30 March 2015

Data Carpentry hackathon for genomics

I'm pleased to report back from the Data Carpentry (DC) genomics hackathon, which I attended last week with ~26 other folks at Cold Spring Harbor Labs in New York. The goal of this meeting was to develop modules for a DC workshop focused on analysis of next-generation sequencing and other genomic data. The original DC lessons were designed for a very general audience using ecological data, so we were tasked with outlining, organizing, and starting to write materials for a two-day workshop specifically for genomics.
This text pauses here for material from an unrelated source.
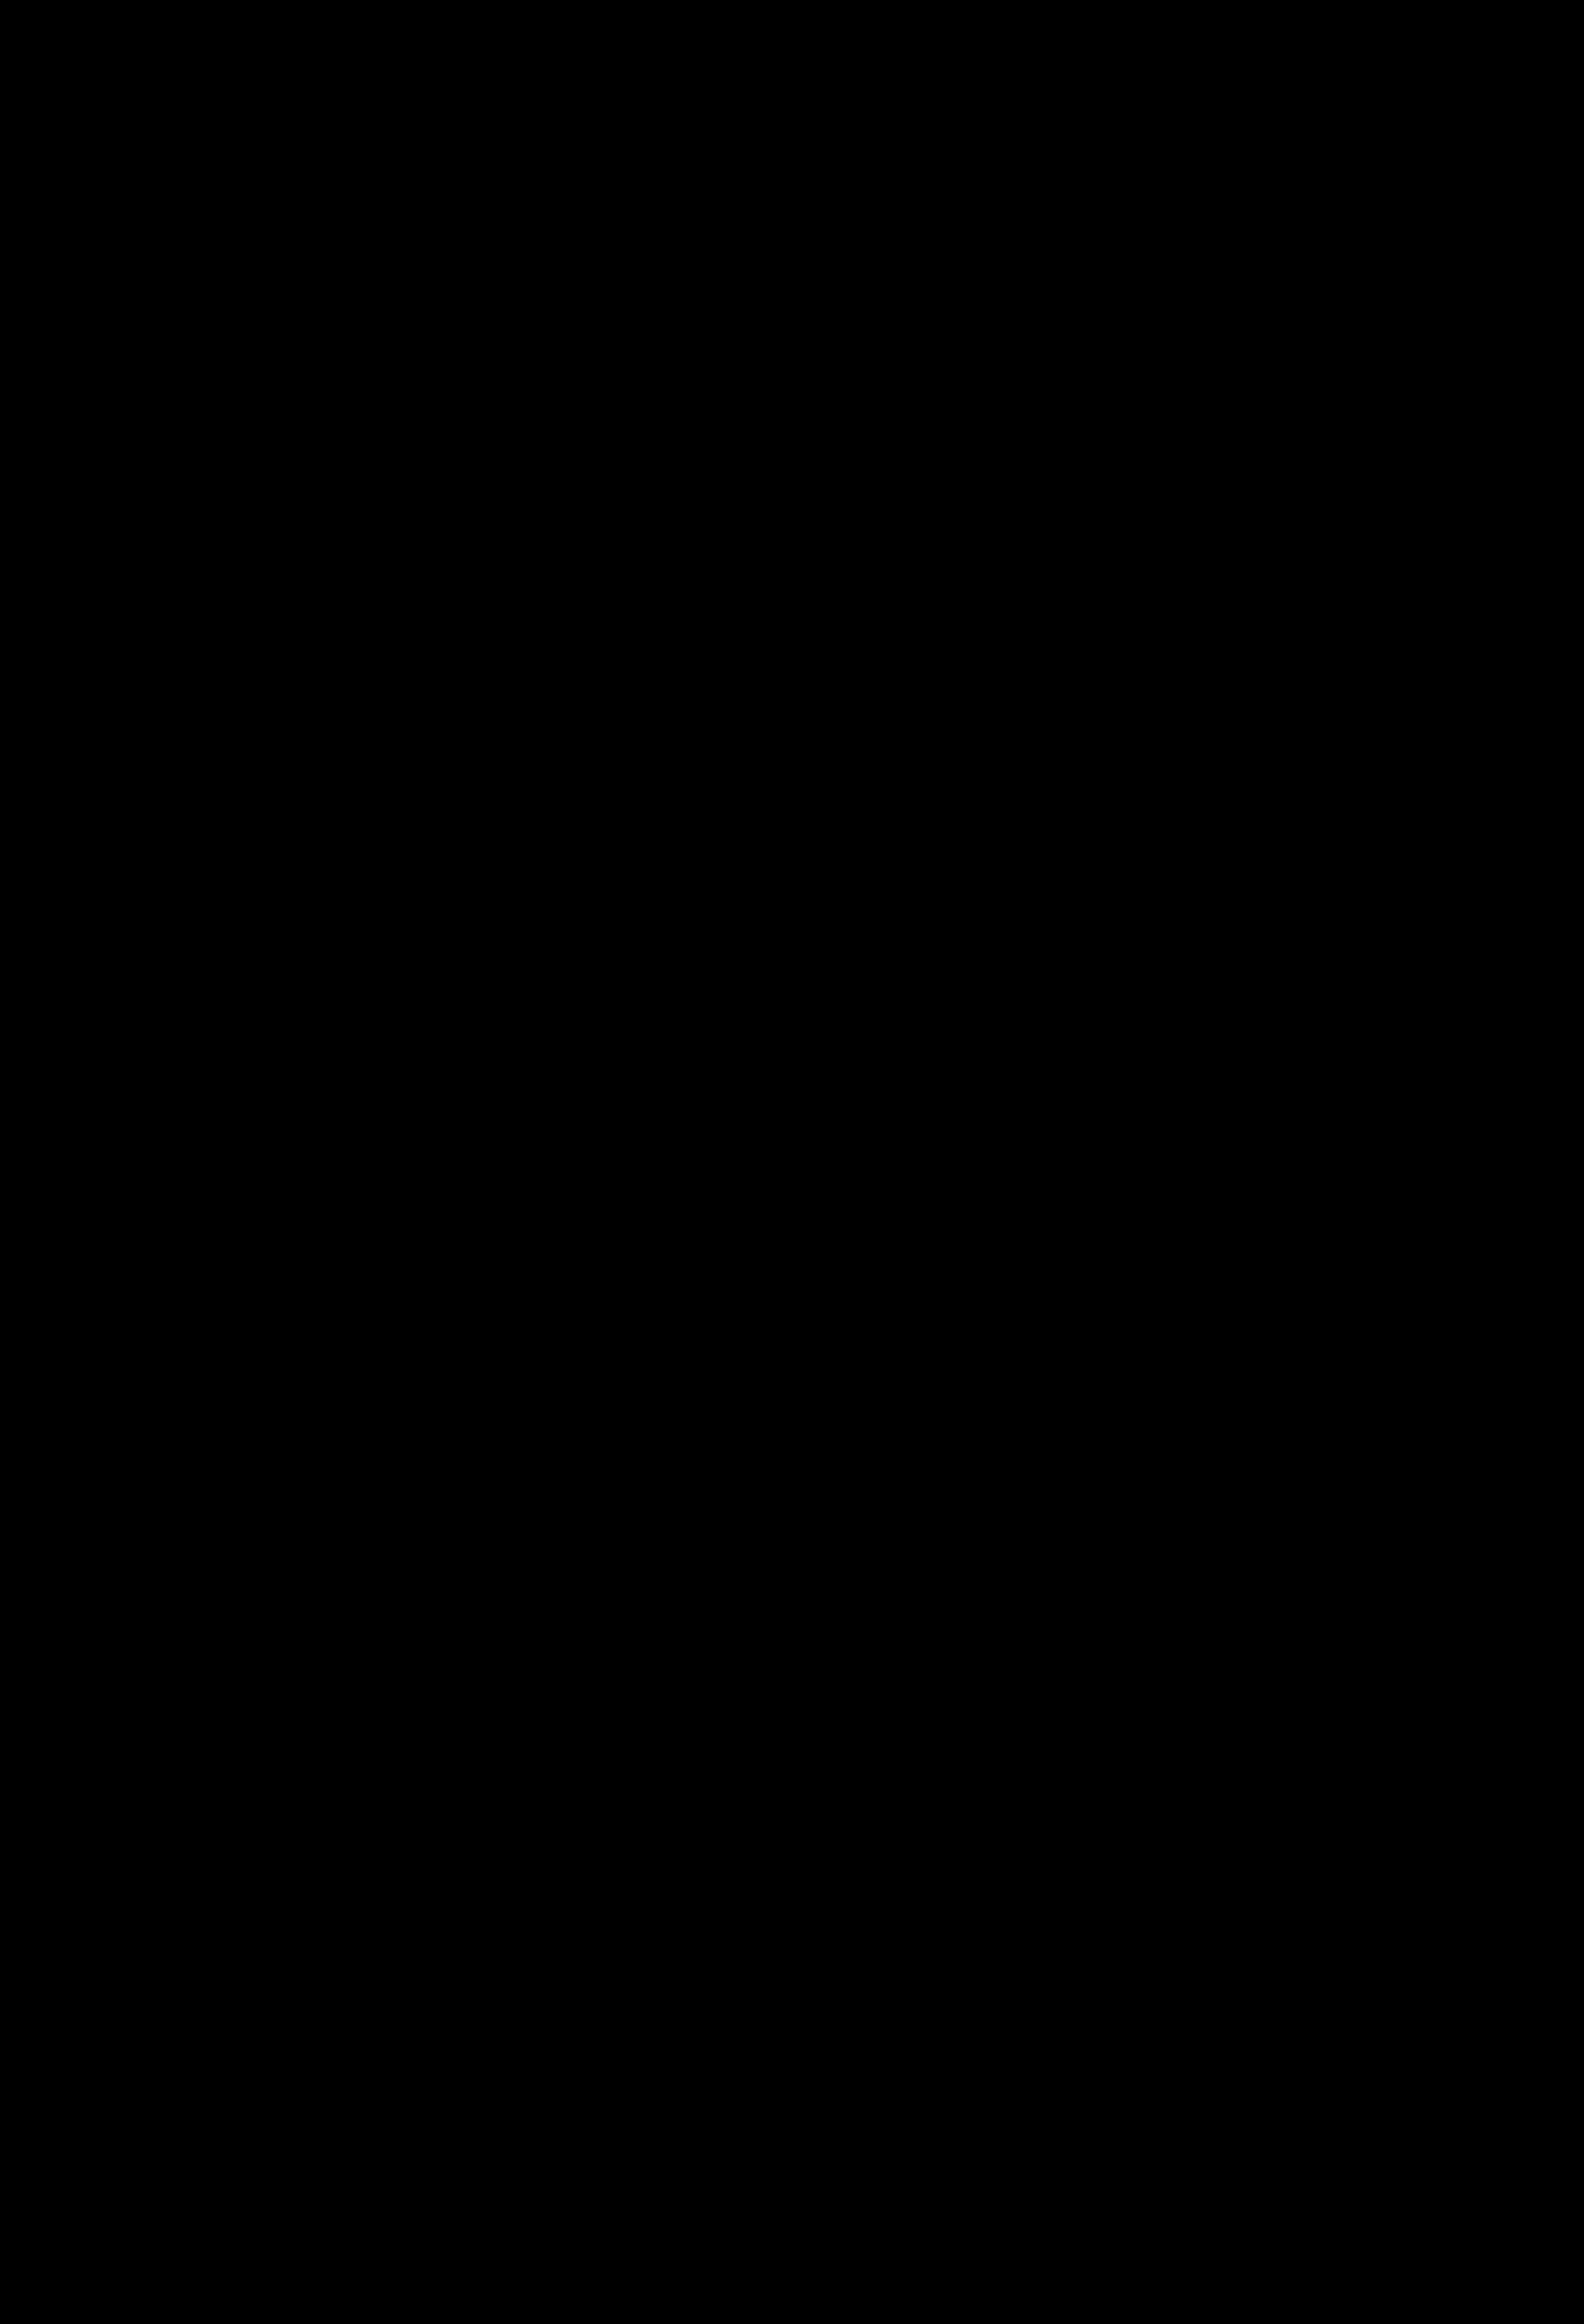 Exercising SVG Clip arts
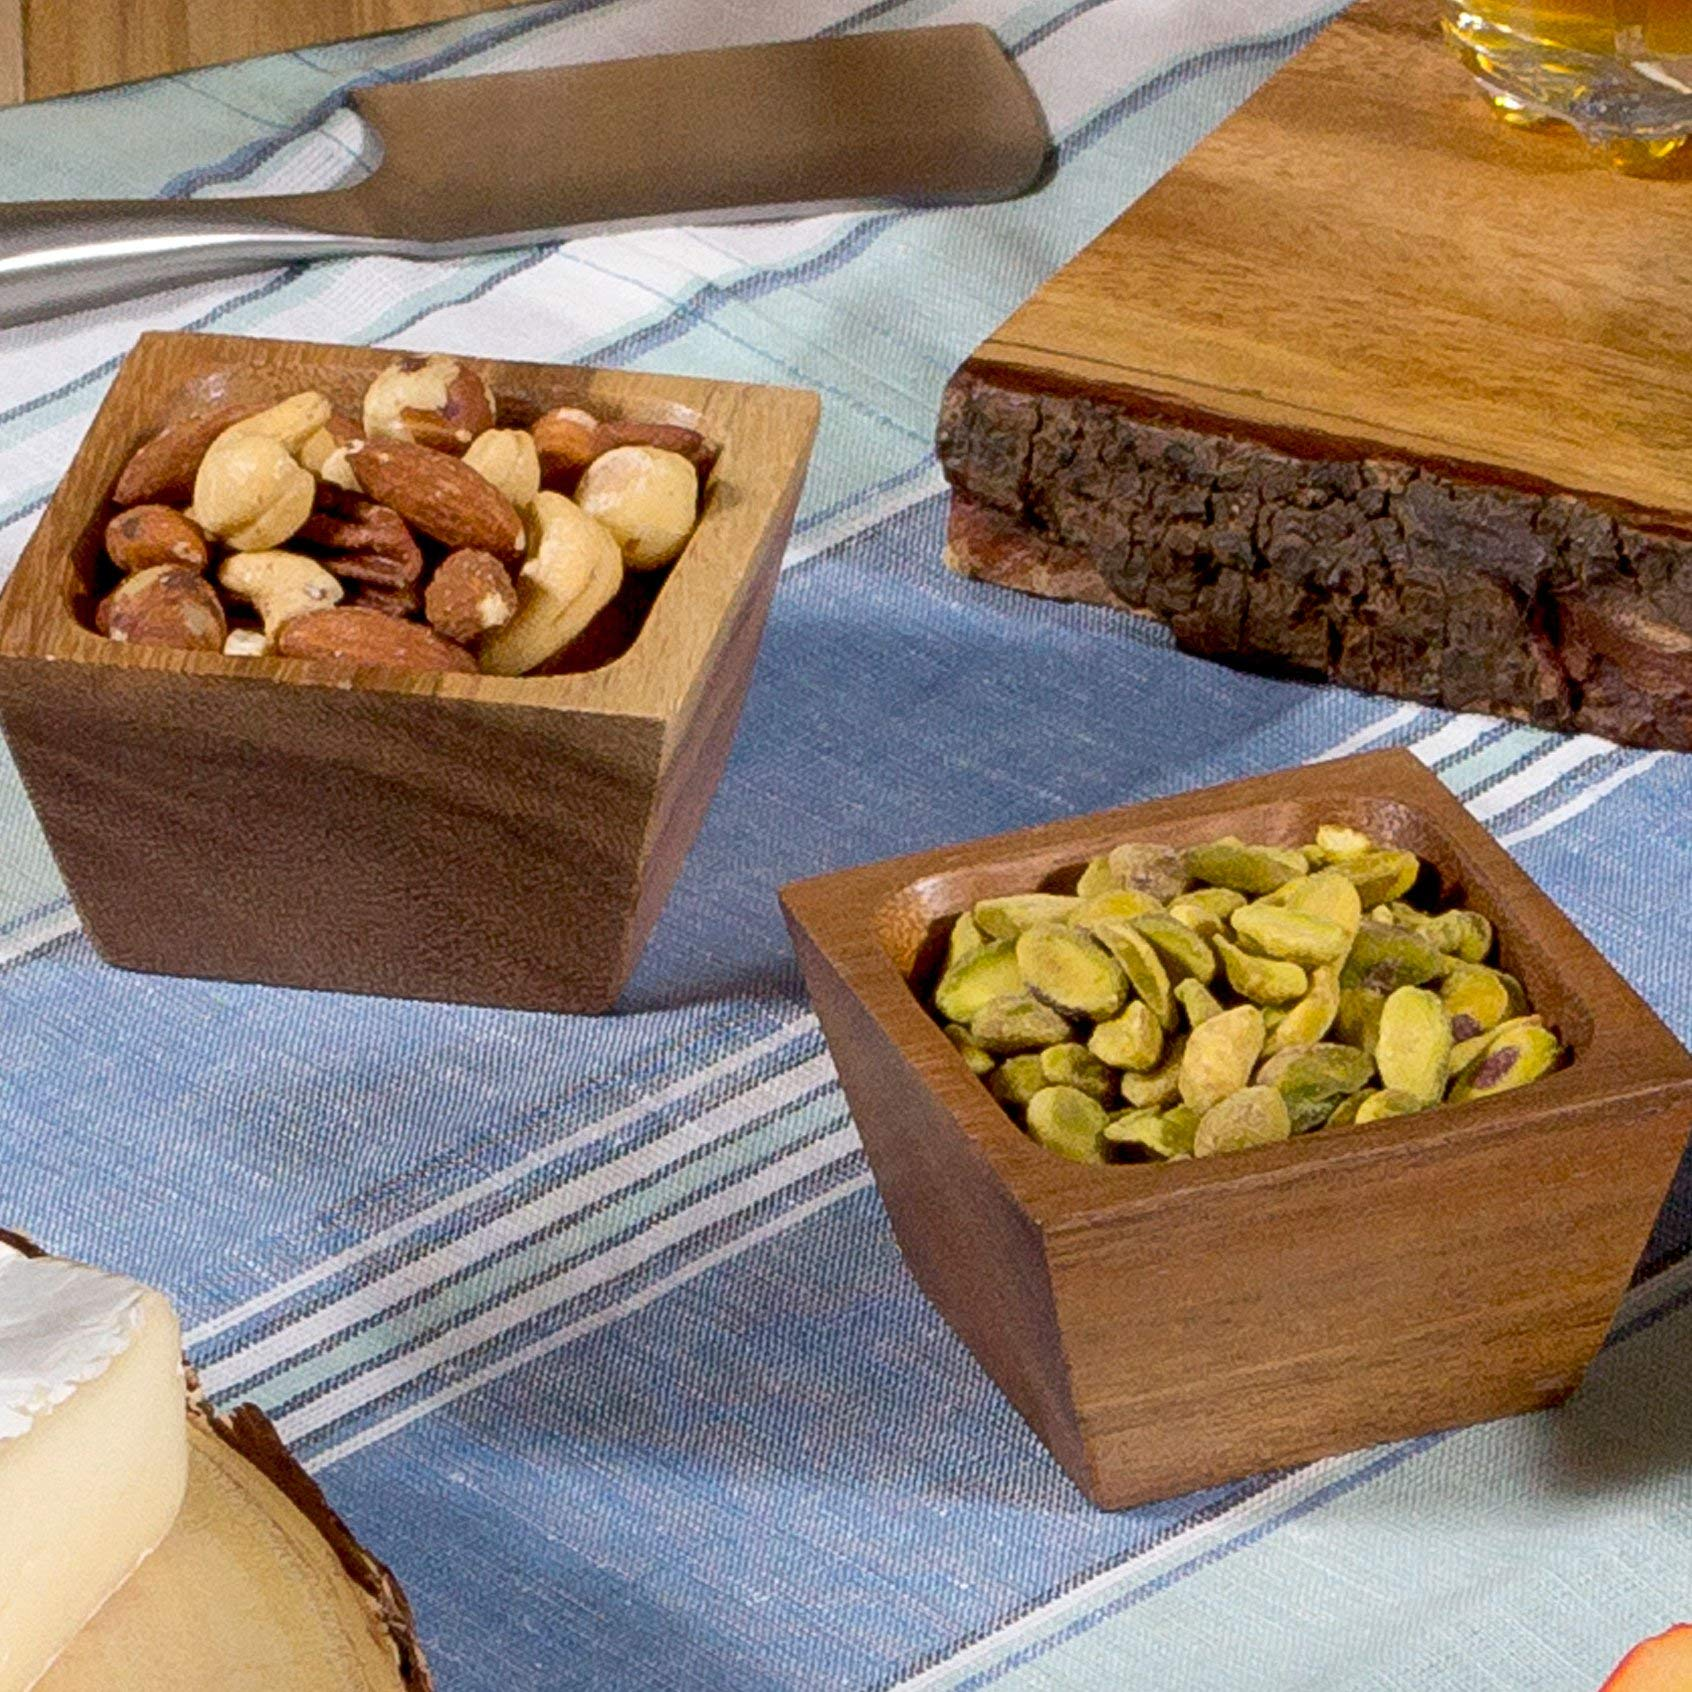 Lipper International 1100-2 Acacia Wood Square Salt Pinch or Serving Bowls, 3'' x 3'' x 2-1/2'', Set of 2 by Lipper International (Image #5)

Each of the following points could be thoroughly explored in their own post, but here are a few highlights from this meeting:

  • Attendees were a great mix of biology researchers and educators from a range of institutions (research intensive, primarily undergraduate), computer scientists, and assessment specialists. This meant we were pulling from a broad range of skills, and incorporating multiple perspectives in planning.
  • The length of the meeting (2.5 days) allowed us to get a running start on actually developing materials (GitHub repos here prefaced with "genomics"). In addition to "intro to Unix" material that would largely remain constant from the original DC lesson, we started developing six modules that cover a general genomics workflow: setting up a project, getting to know your data, data wrangling (QC and alignment), analysis and visualization, and cloud/HPC. I personally found it remarkable and gratifying to see so much attention paid to the initial preparatory stages of a project.
  • Numerous folks emphasized the importance of understanding your target audience. Some of these discussions related to the assumed skill level (or pre-requisites) for workshop attendees. Other conversations related the need to accommodate particular cultural or gender issues while teaching to make the learning environment comfortable for everyone. 
  • What makes DC workshops special and distinct from other courses? In developing the modules described above, we talked about the distinction between Software Carpentry and Data Carpentry, as well as if and when instructors should be expected to teach about biology (rather than computing/data analysis). The general consensus is that the focus of DC on telling a narrative about data means we should be emphasizing "best practices" for improving productivity and reproducibility, rather than advocating for particular types of analyses. That being said, there is ample opportunity during lessons to model rigorous methods, as well as provide extra resources for students to improve their skills in experimental design and statistical reasoning.
  • A particularly challenging aspect of developing such resources is assessment of student improvement following a workshop. It's challenging to evaluate how much students will retain after such a short period of time (2 days), as well as whether these skills will transfer over to their research methods. One breakout group focused on developing a strategy for surveying students prior to and directly following a workshop to measure immediate learning, as well as 3-6 months following to measure long-term gains. We targeted question formats that would address student learning in terms of the following areas: declarative knowledge (Can you recall this fact?), skills (Can you write this code?), and attitude (Will you use this skill?).

I was initially on the fence about whether to apply for the hackathon. I'm a first year professor wallowing in the murky depths of teaching a new course, and my overtaxed brain was whispering that maybe it would cause too much stress. My gut, thankfully, doesn't always listen to my brain. Moreover, the class I'm piloting this semester is an undergraduate bioinformatics class focused on genomics, so the DC hackathon fit naturally into my preparation for the last few weeks of the semester. I'm looking forward to reporting back soon about my semester-long class is wrapping up, as well as my first teaching experience for Software Carpentry workshop in a few weeks.